Since the early days of the coronavirus pandemic, I've been researching the way North Dakota experienced the Spanish flu. North Dakota History published an article that I wrote in 2021. This article looked at how North Dakota's newspapers provided coverage of the Spanish flu to residents of the state. At first, I thought an article would encapsulate basically everything I wanted to address, but there was way more information available the deeper I dug.
Therefore, I decided to keep digging and prepare a book manuscript (a draft of which is already completed and submitted to a potential publisher). One of the chapters deals with how religious groups in the state dealt with the flu. Laura Spinney's Pale Rider and a few other secondary sources have noted that many parts of the world took a religious approach to explain the appearance of the deadly contagion. One bishop in Spain asked for a series of prayers to appease the wrath of God. This impulse was not terribly different than the one that drove medieval flagellants to beat themselves in light of the Black Death. God is mad; we must appease him.
However, when looking at some of the major denomination in North Dakota, there was no real reflection, other than the people lost to the disease (some pastors were among this number) and the ways in which the flu kept the churches from carrying out their organizational plans for the year. There was no attempt to tie the Spanish flu to God's wrath, nor was there any question as to what God might be attempting to tell the world. I found this interesting, given the fact that the world was engaged in a war that was among the more senseless in world history.
Additionally, this varied from the response by Christians to more recent tragedies that have caused some ministers to claim that some natural or man-made calamity was the punishment of God against wayward people.
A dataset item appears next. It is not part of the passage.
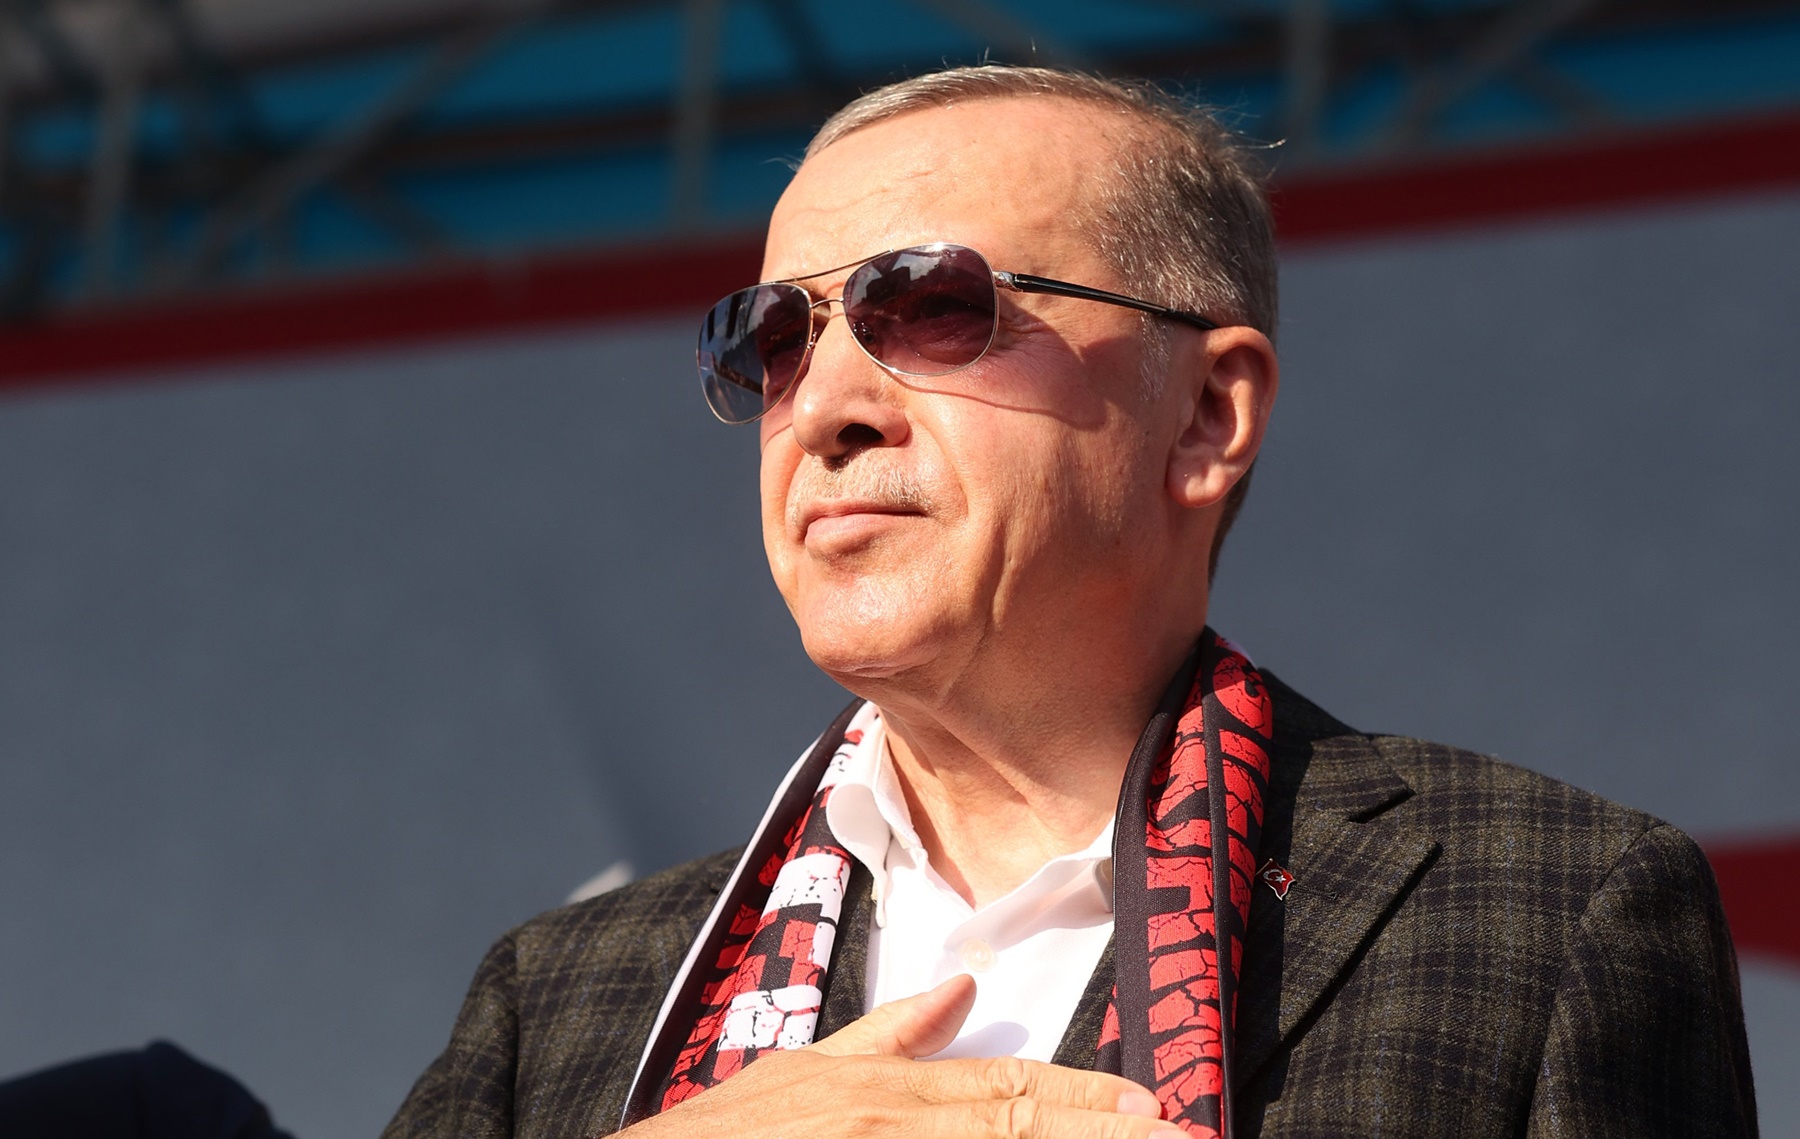 Ερντογάν ομιλία: Οι υπαρξιακές “ανησυχίες” του Τούρκου προέδρου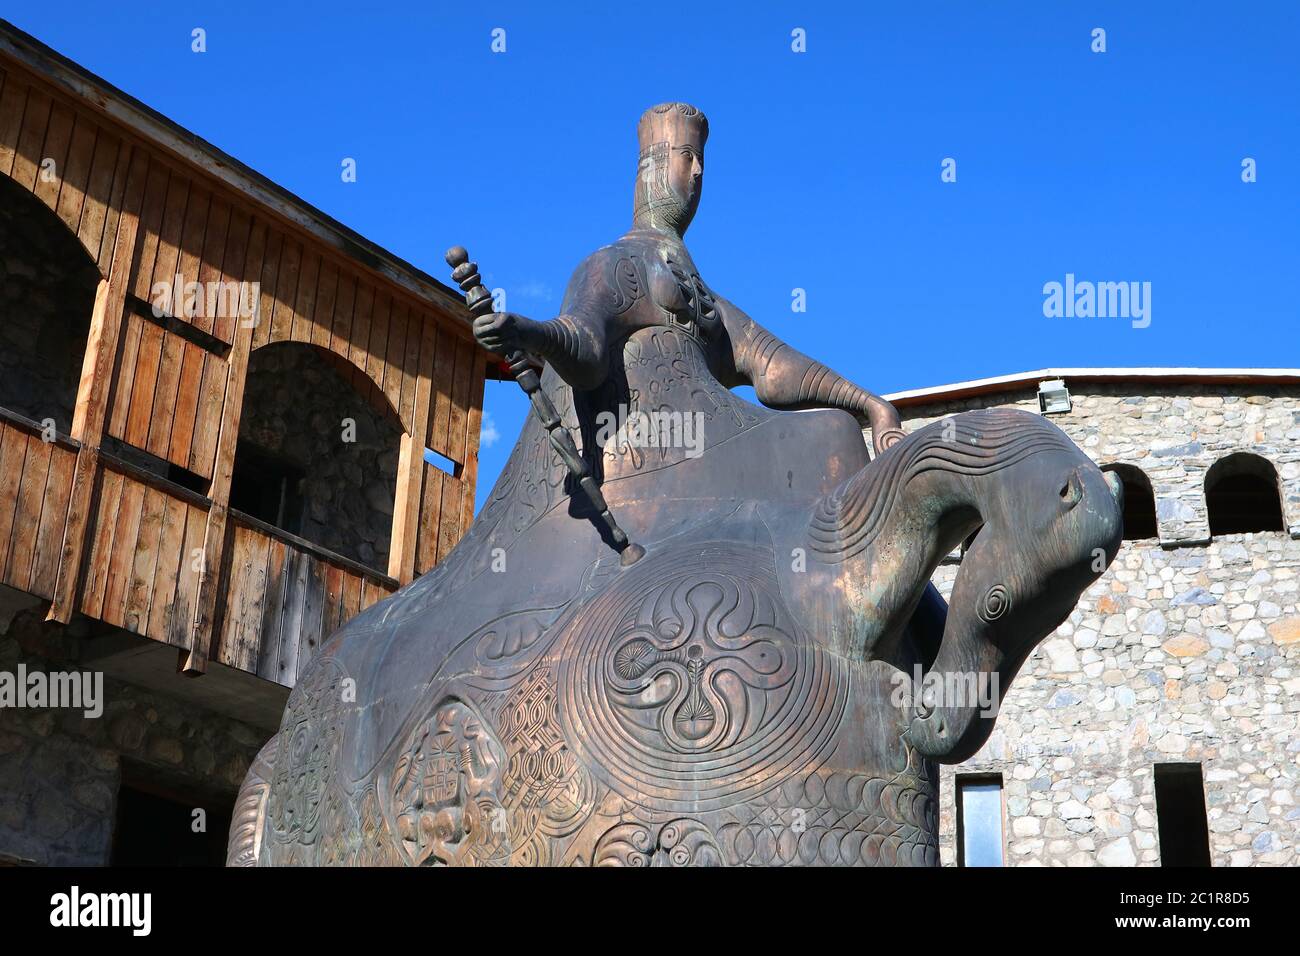 Monument en bronze de Tamar le Grand, le célèbre Roi féminin de Géorgie sur la place de la ville de Mestia, Haut-Svaneti, Géorgie Banque D'Images

For example, Pat Robertson claimed that Hurricane Katrina was the result of God's wrath, tying this to abortion and the appointment of John Roberts to the Supreme Court.
My primary question for the chapter revolved around the ways the churches reacted to the Spanish flu. The article noted above found that churches were a part of the ban on public meetings. Grand Forks was effectively closed for about seven weeks in the fall of 1918, and churches did not meet from early October to late November. Some churches in the town were actually concerned over the possibility of large meetings when the city's health officials decided to allow for public meetings to resume. Schools in the town did not reopen until January. This reaction to the flu in Grand Forks differed from the one evident in Fargo, where ministers petitioned the city to end the public meeting ban before it did in late October.
Needless to say, these findings were interesting, and they tended to provide some interesting historical context for the actions that took place during the COVID-19 pandemic.